We live in a country where health insurance and pharmaceuticals are afterthoughts for many people, because they simply cannot afford to take care of basic health concerns.

A place where education of all forms, especially for K-12, is falling behind our competitors in the global economy. (Texas education is, without a doubt, lacking substance and performance.)

A land where some man with a holy roller agenda can tell a woman what she should or should not do with her own body.

A fairy tale creation where imaginary heroes and leaders can wage illegal wars through manipulating the public into agreement, with devilish lies and schemes.

A wonderful place of freedom where politicians believe it’s alright for employers to discriminate against people of differing sexual orientations and gender issues.

But you can bet your ass if they can’t eradicate what they view as “immoral” or “obscene”, they’ll tax the living hell out of it. Unless it is a corporate golf buddy promising campaign contributions and future vacation hot spots. (Just don’t go hunting with Dick Cheney – he’s a bad shot.)

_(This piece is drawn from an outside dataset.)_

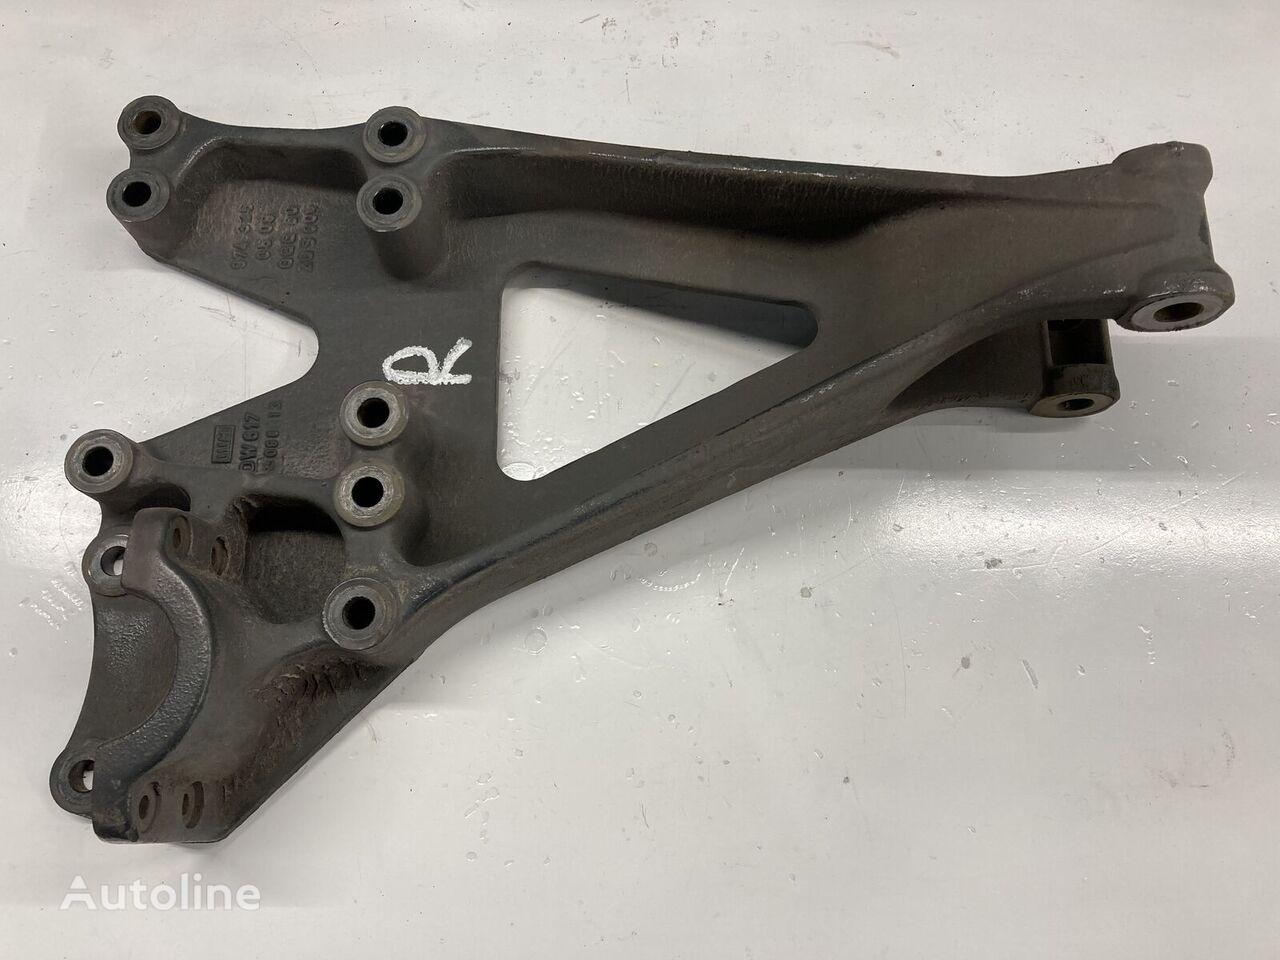 MERCEDES-BENZ Steun rechts van achterasophanging bevestigingsmiddelen voor MERCEDES-BENZ Steun rechts van achterasophanging vrachtwagen
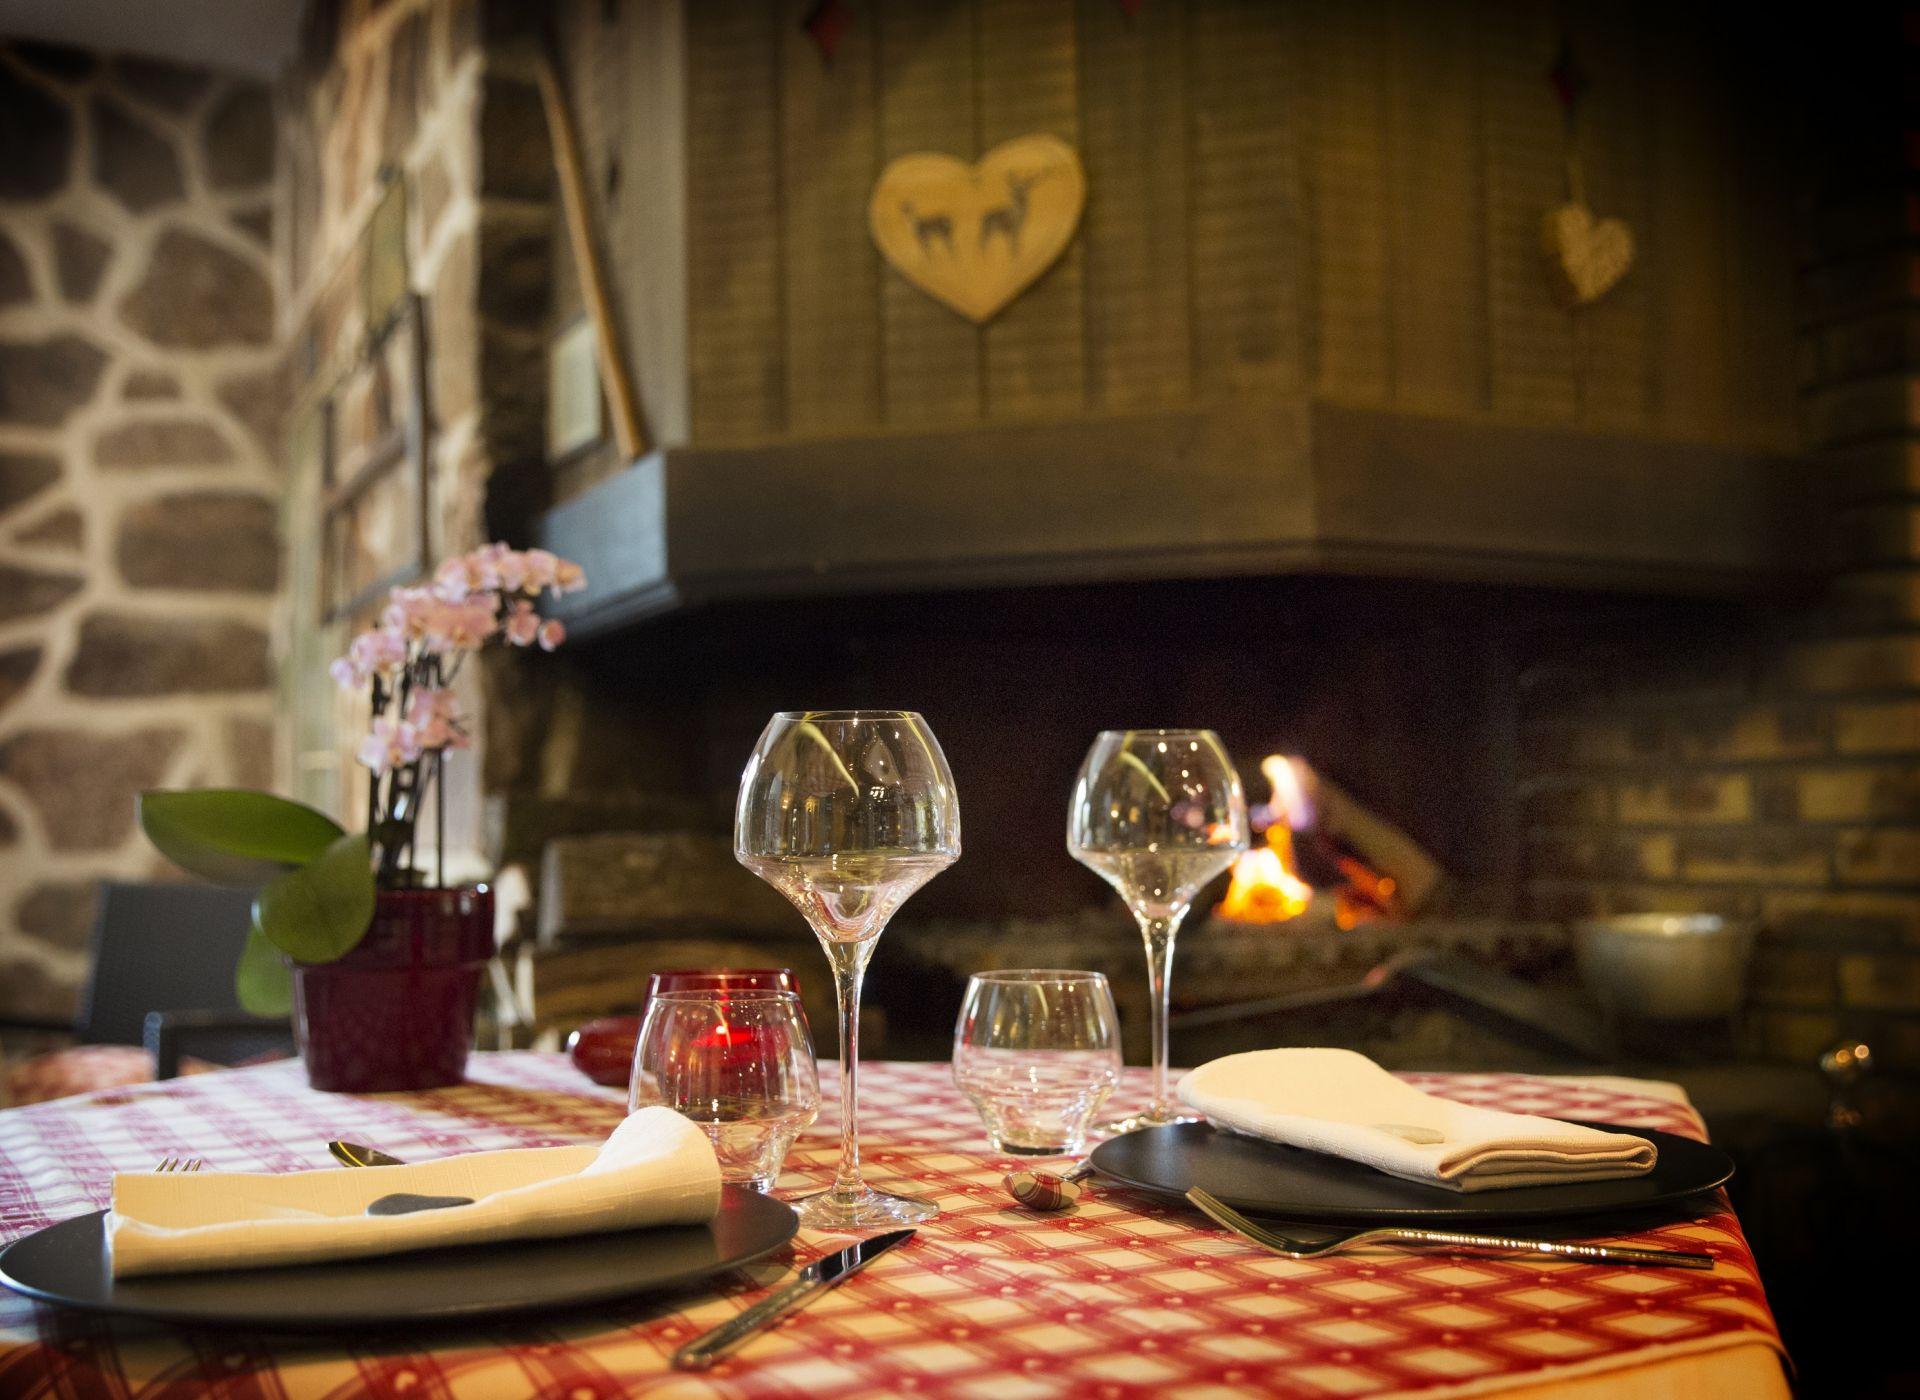 Restaurant la table du haut jardin - Lorraine Tourisme

How is it that alcohol companies, tobacco companies, pharmaceutical companies, real estate and banking industries – yes, that they can cause whatever damage they want, to whomever they wish, without suffering extreme consequences? All made more insane by the fact that jerk offs like Greg Abbott waste state funds and taxes on attempting to ban sex toys! As if the State of Texas doesn’t have enough problems to deal with: drugs, violent crimes, hate crimes, death penalty, murder, rape, gangs, teenage pregnancy, poverty, poor educational infrastructure … all the important issues.